Een sleutelwoord voor Pliet Van Lishout
VOOR ik over Pliet Van Lishout begin zou ik een paar namen willen noemen uit een lange reeks: Jan Walravens, Hubert Lampo, Raymond Herreman, Hubert Van Herreweghen, Remi Van de Moortel...
Deze mensen hebben over zijn werk geschreven. Het heeft niet veel zin dit nog eens over te doen met de dwaze pretentie nieuwe en betere maatstaven aan te leggen. Dit is een artikel, geen monografie.

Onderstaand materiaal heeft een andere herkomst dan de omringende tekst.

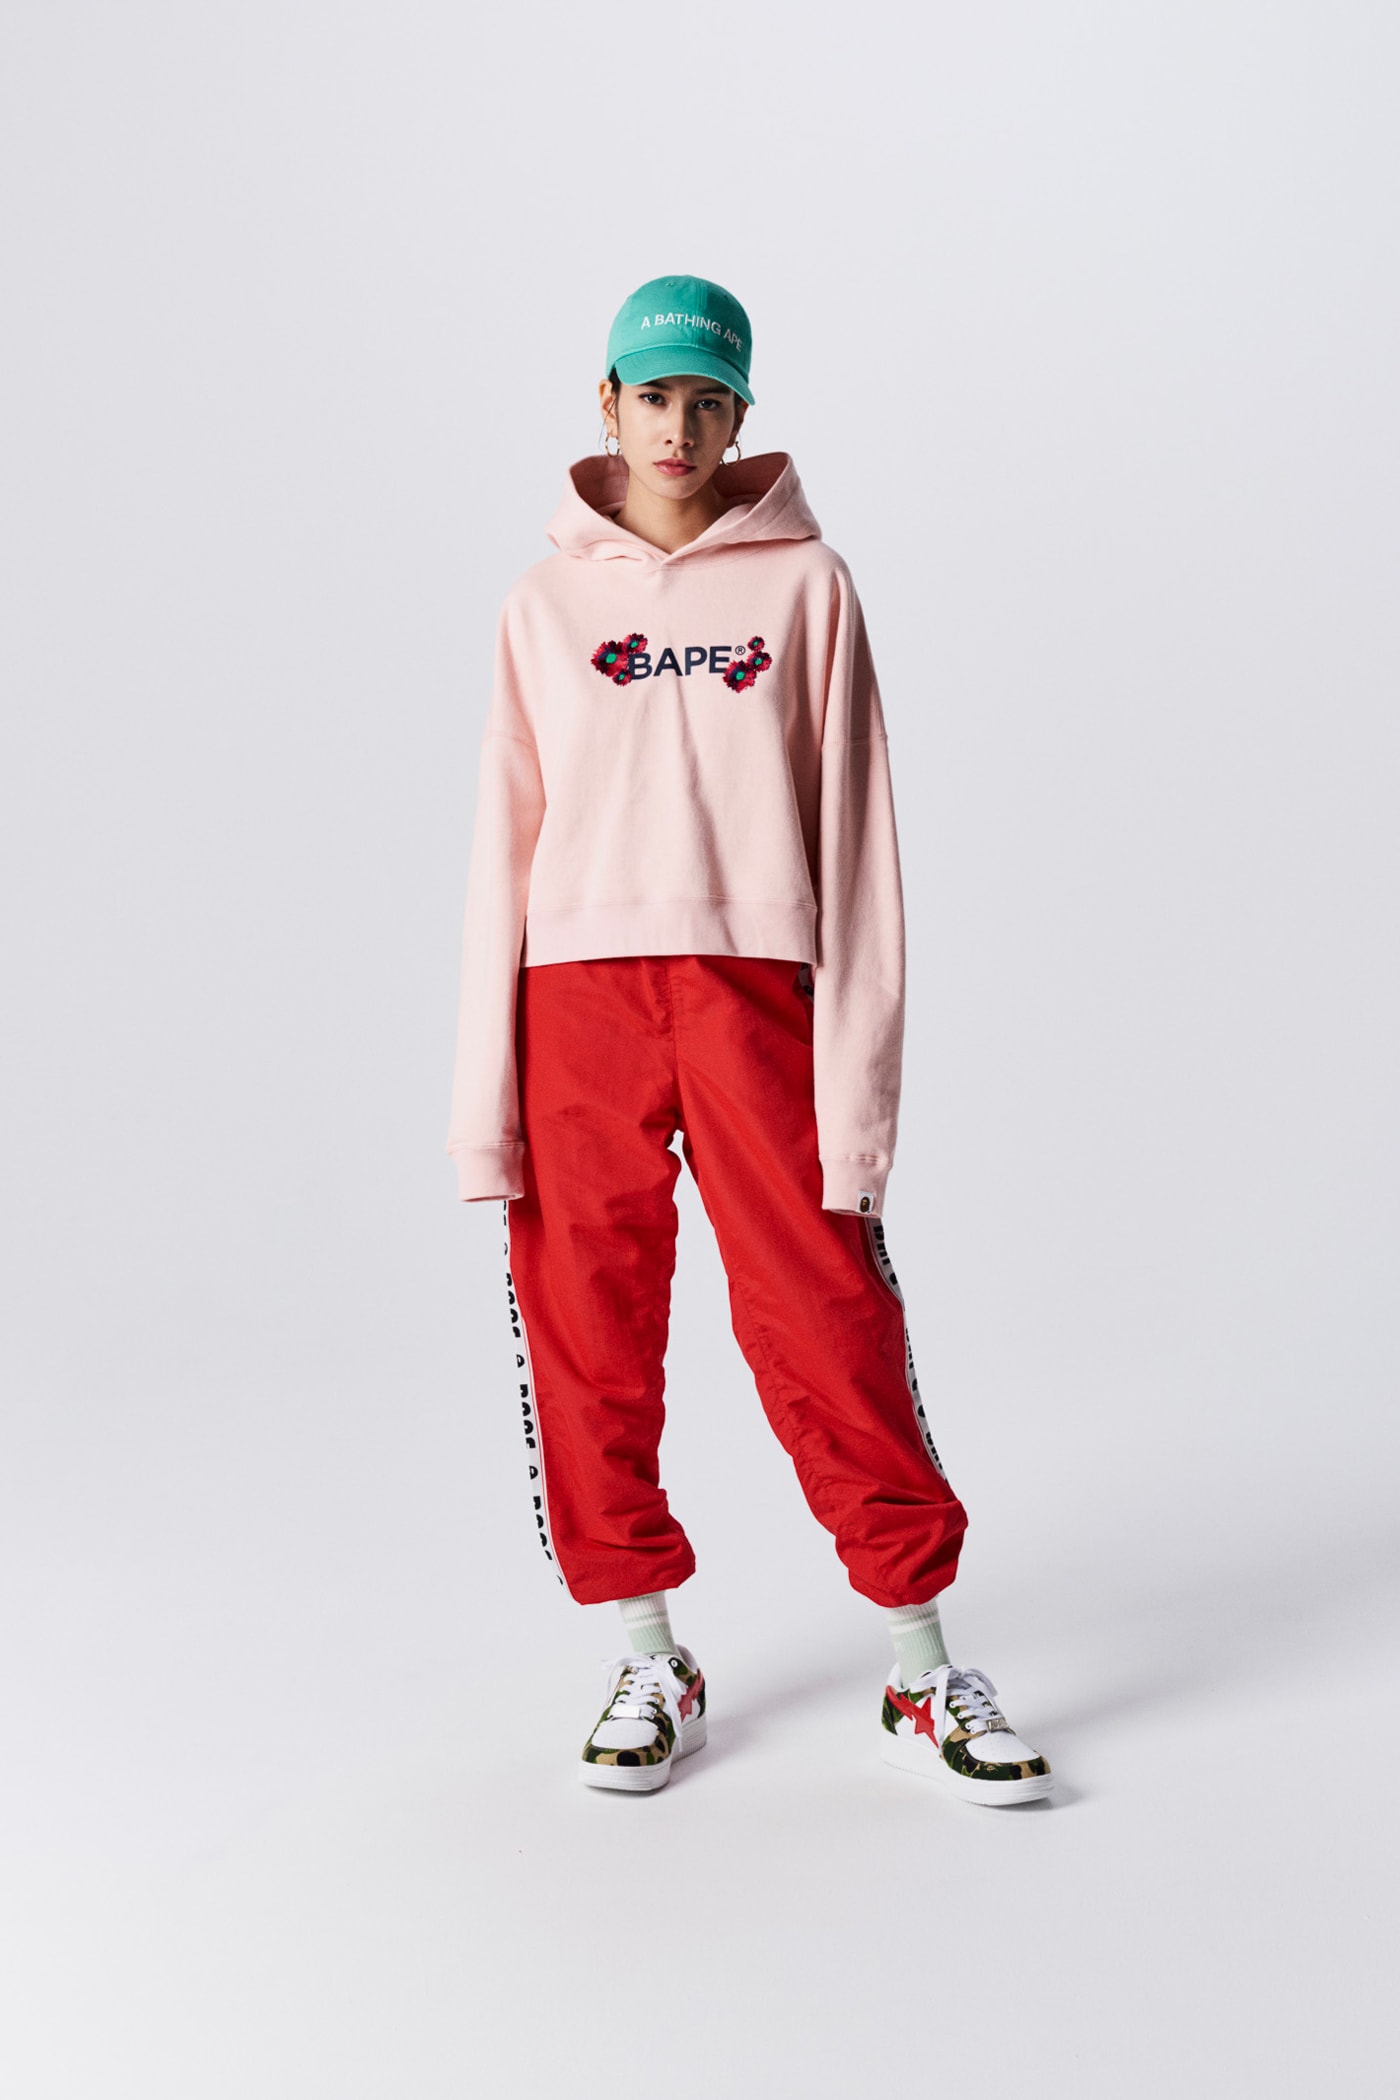 A Bathing Ape Spring Summer 2019 Collection Lookbook Hoodie Pink Pants Red

Een artikeltje met één enkele bedoeling: antwoorden op een konstatatie die ik telkens weer ontmoet, in praktisch elke ernstige bespreking die over Van Lishout handelt: een veelzijdig talent, een begaafd schrijver die de volle maat van zijn kunnen nog niet gegeven heeft.
Is dit waar? Ja, ook voor het beste dat hij schreef. Mogen wij dan zijn gaafste werk nog verwachten? Pliet Van Lishout kent mij al jaren. Hij zou het mij nooit vergeven als ik hierop niet rechtzinnig antwoord. En ik heb maar één antwoord: ik weet het niet.

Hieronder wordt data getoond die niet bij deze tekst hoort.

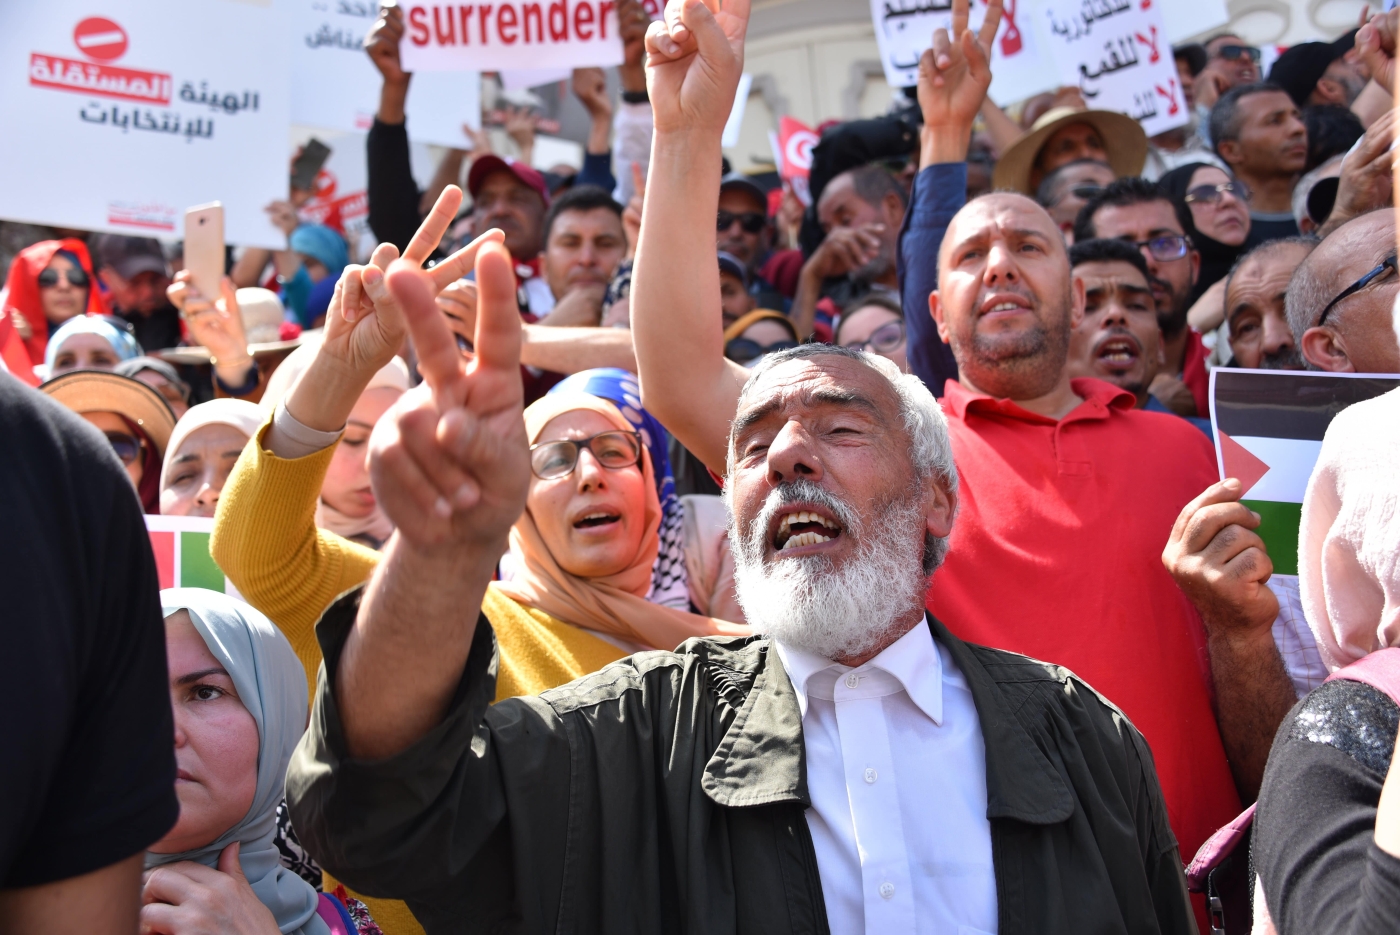 Tunisian protesters wave flags and rase placards as they demonstrate against their president in the capital Tunis, on 15 May 2022. (Reuters)

Laat ik hem even wat dichter bij u brengen, u zijn dagen uitleggen, dan begrijpt u wellicht wat ik bedoel. Vraag hem over de helden van de stomme film, over een onbekende tijdgenoot van Haydn, over de doodstraf in de Verenigde Staten, over de apartheid in Zuid-Afrika, over de Italiaanse surrealisten... en Pliet Van Lishout is vertrokken. Niet voor vijf minuten, maar voor een half uur. Zijn beweeglijke handen en zijn expressieve kop onderlijnen nog eens stevig wat hij vertelt. En hij weet er wat van, méér dan de meesten.
Hij heeft altijd honger, weethonger. Hij wil de mens begrijpen, vroeger en nu, hier en elders, in al zijn uitingen. Hij zou een Uomo universale willen zijn in deze twintigste eeuw. Niet om superieur te doen, maar uit pure innerlijke aandrang.